Do you get your news mostly from social media? I check NPR, Drudge, and news.google.com.

Do you have a regular news-consumption routine? Facebook doesn’t want you to leave Facebook, so it’s algorithm favors posts that will keep you on Facebook, rather than links that will send you elsewhere.

I listen to a 5-minute podcast from NPR News Now about once a day, usually while I am doing my morning exercises. NPR leans left; it’s also great radio. Listening to a podcast curated by a human being means I’m likely to hear stories I wouldn’t ordinarily search for or click on.

I also check in with The Drudge Report, which leans right; it doesn’t offer much original content, but it pioneered online news aggregation and funnels a lot of traffic, which can often drive the day’s online debates.

Google News aggregates stories from sites around the world. Another useful feature is the “Fact check” sidebar. Take half a minute to check it out before you share that post that confirmed a deeply-held belief.

My main source of news is news.google.com, which presents headlines from news sites around the nation and around the world.

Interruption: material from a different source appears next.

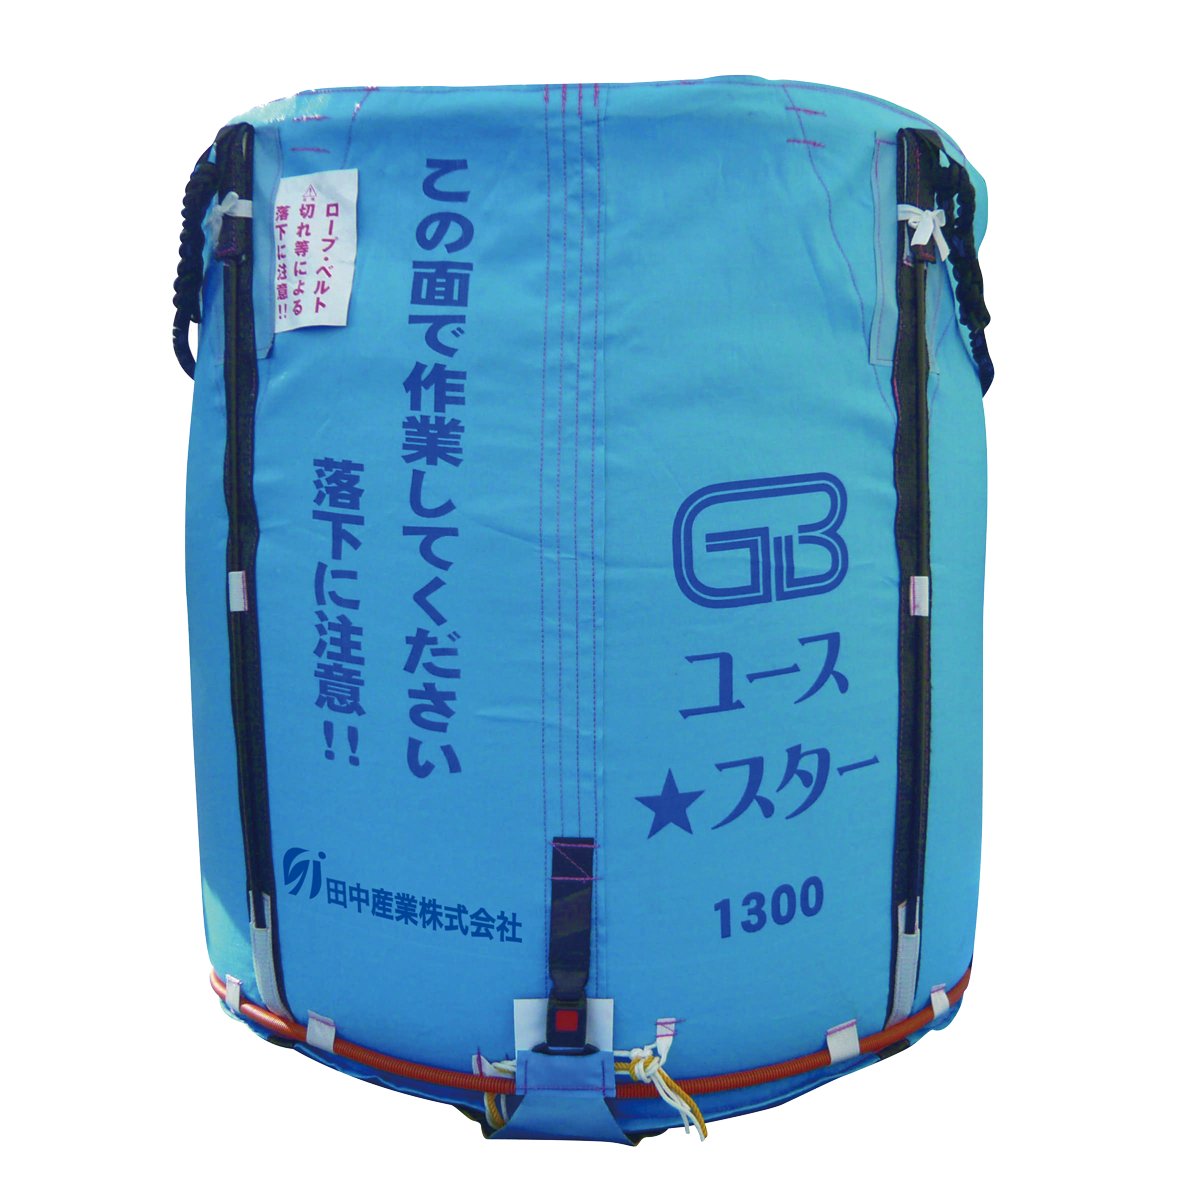 田中産業 グレンバッグ カバチャン5枚組 800L 一般乾燥機用 - 1

When there’s a breaking story, it will present links to many different sources. I like seeing how US stories appear to journalists in the UK, or the Arab world. I just noticed Google News has added a “Fact Check” sidebar.

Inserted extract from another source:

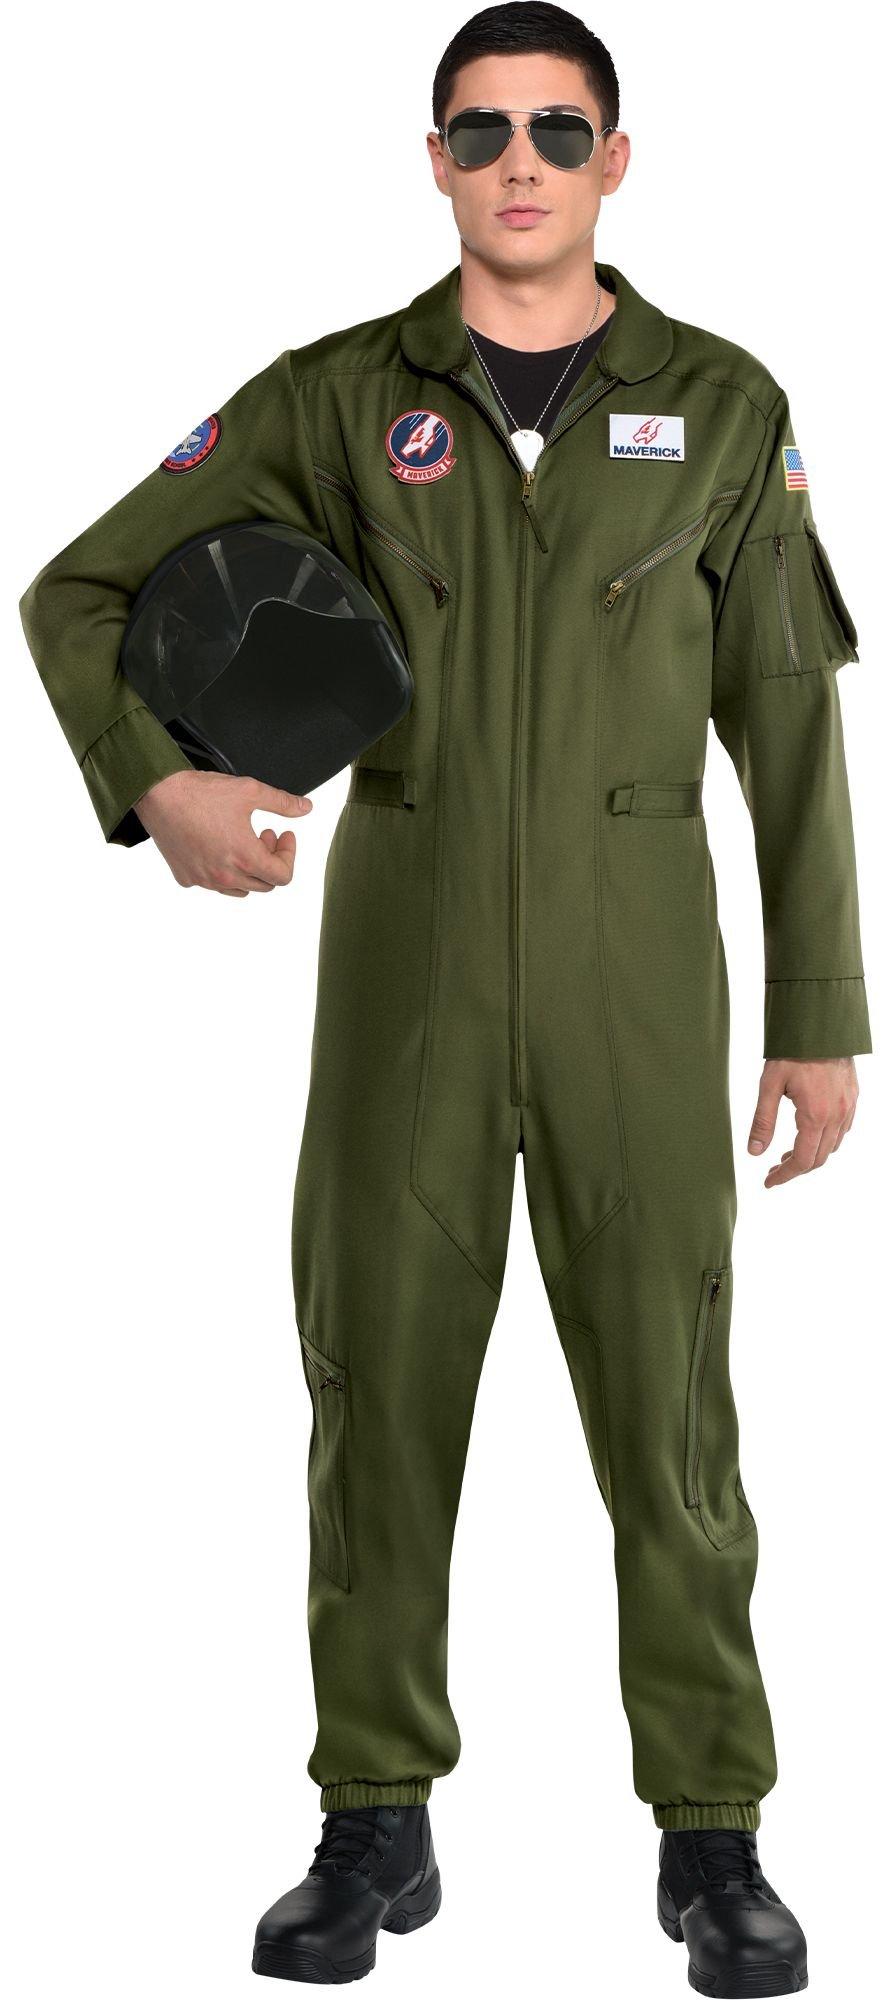 Maverick Flight Suit Costume for Men - Top Gun | Party City

I rarely visit newspaper front pages, and I only watch TV news when I teach a TV news critique lesson in my journalism class, but I’ve told Google News to show me regional stories, so I get a steady stream from multiple sources when I click the “local” tab.

Google also shows stories based on my web browsing history, so I see a lot of items about using technology to teach, theatre in New York, Star Trek, computer games, and whatever else I’ve been reading about.  I am perfectly happy to let Google feed me news stories that reflect my recent web browsing, but I don’t look at those personalized stories first. The point of getting the news is to learn something you don’t know, rather than getting a stream of content carefully designed to cater to your values.

After being burned too many times by clickbait, I’ve told Google not to show me any stories from low-value clickbait sites like Huffington Post, Buzzfeed, and Upproxx. And when I got really pissed off that Newsweek took over my browser (with loud, disruptive auto-playing media) I permanently blocked my computer from accessing Newsweek.